= Oracle Retail Predictive Application Server =

The Oracle Retail Predictive Application Server (commonly referred to as RPAS) is a configurable software platform for developing forecasting and planning applications, following a Client/Server OLAP model. The RPAS platform provides capabilities such as a multidimensional database structure (it follows the MOLAP model but has some ROLAP capabilities), batch and online processing, a configurable slice-and-dice user interface, a sophisticated configurable calculation engine, user security and utility functions such as importing and exporting.

RPAS is the foundation for a significant number of applications that are part of the Oracle Retail solution footprint, such as Oracle Retail Demand Forecasting, Oracle Merchandise Financial Planning, Oracle Assortment Planning, Oracle Item Planning, Oracle Size Profile Optimization, Oracle Replenishment Optimization and Oracle Advanced Inventory Planning. The latest version is Version 16 released in December 2016, and supports deployment of planning applications on-premise or Software as a service over the internet.

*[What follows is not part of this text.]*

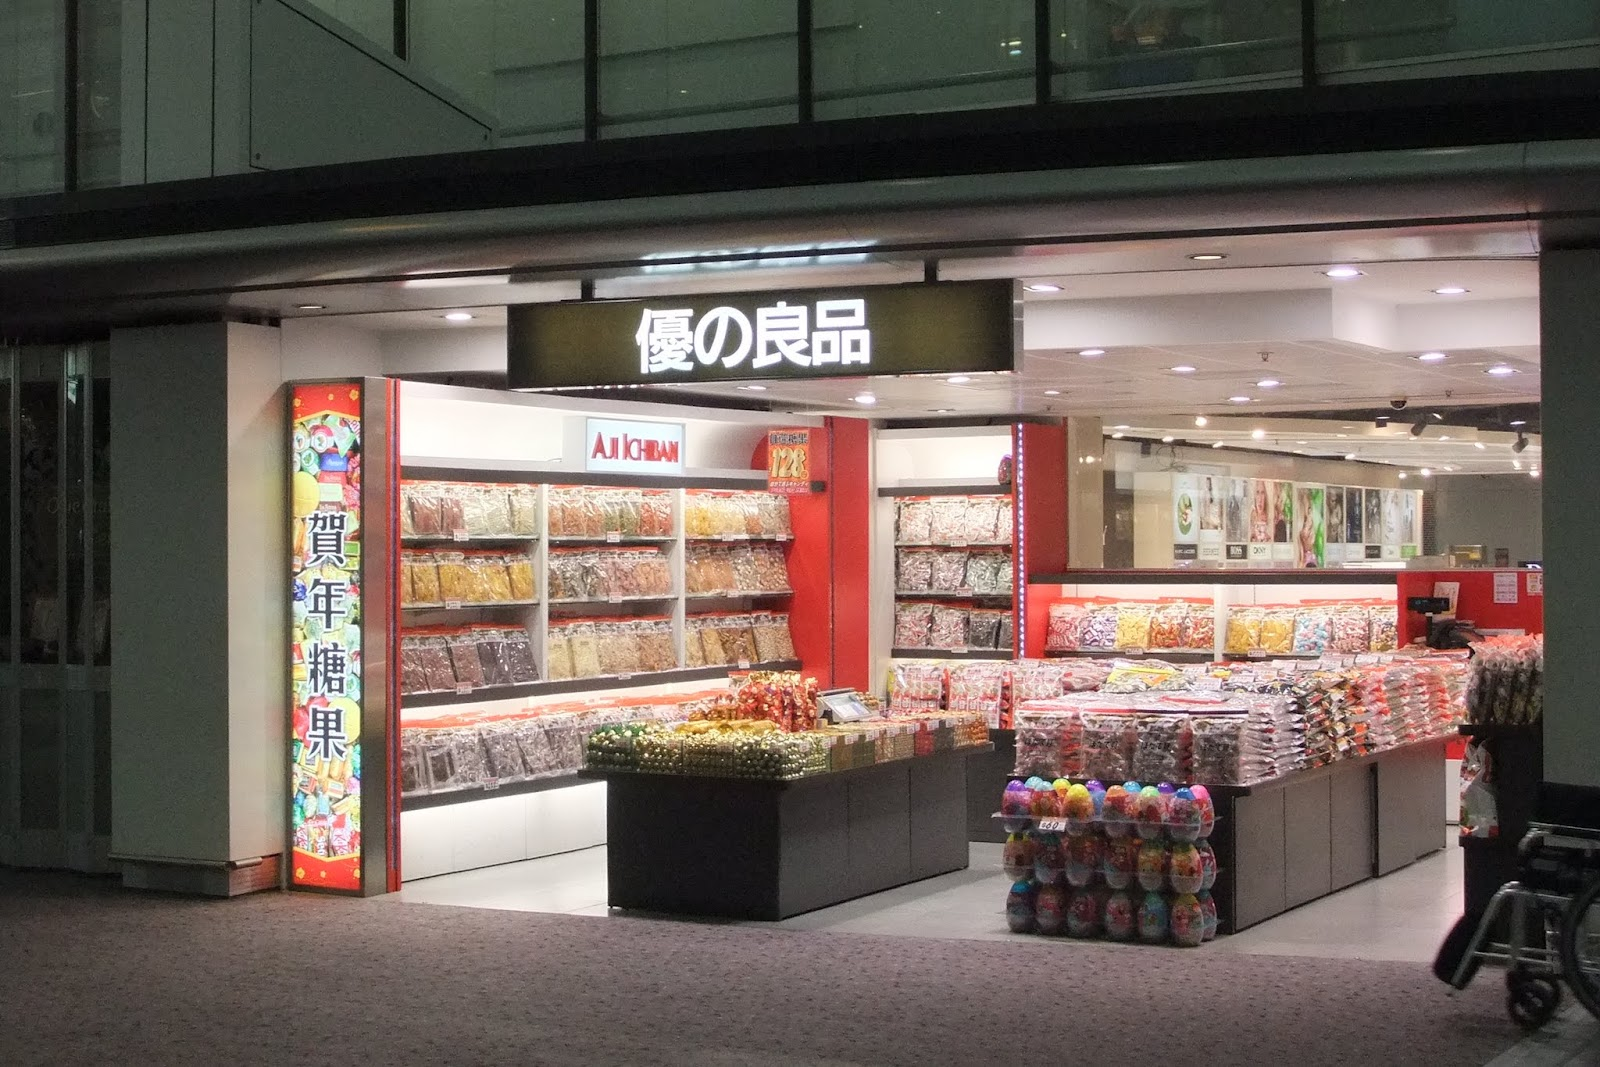 hongkong-international-airport-yunoryouhin 優の良品

RPAS currently offers 2 data persistence options: a proprietary datastore based on Oracle Berkeley DB, or an Oracle RDBMS (which supports real time updates from external systems but reduces the performance of the MOLAP cubes). Originally the persistence layer (and some of the processing) was based on a MOLAP engine called Acumate/Acumen, originally developed by Mars Inc. for in house reporting and analysis; the software was sold by Mars and went through several owners, ultimately being owned by Lucent via an acquisition of a previous owner. Acumate is now no longer generally available or in support from Lucent. (Limited sustaining support for Acumate is available from Oracle to support the few remaining older installations of RPAS that were Acumate based, based on a source code license that was held by the predecessor to Oracle Retail, Retek, with the source code license novated to Oracle for support purposes).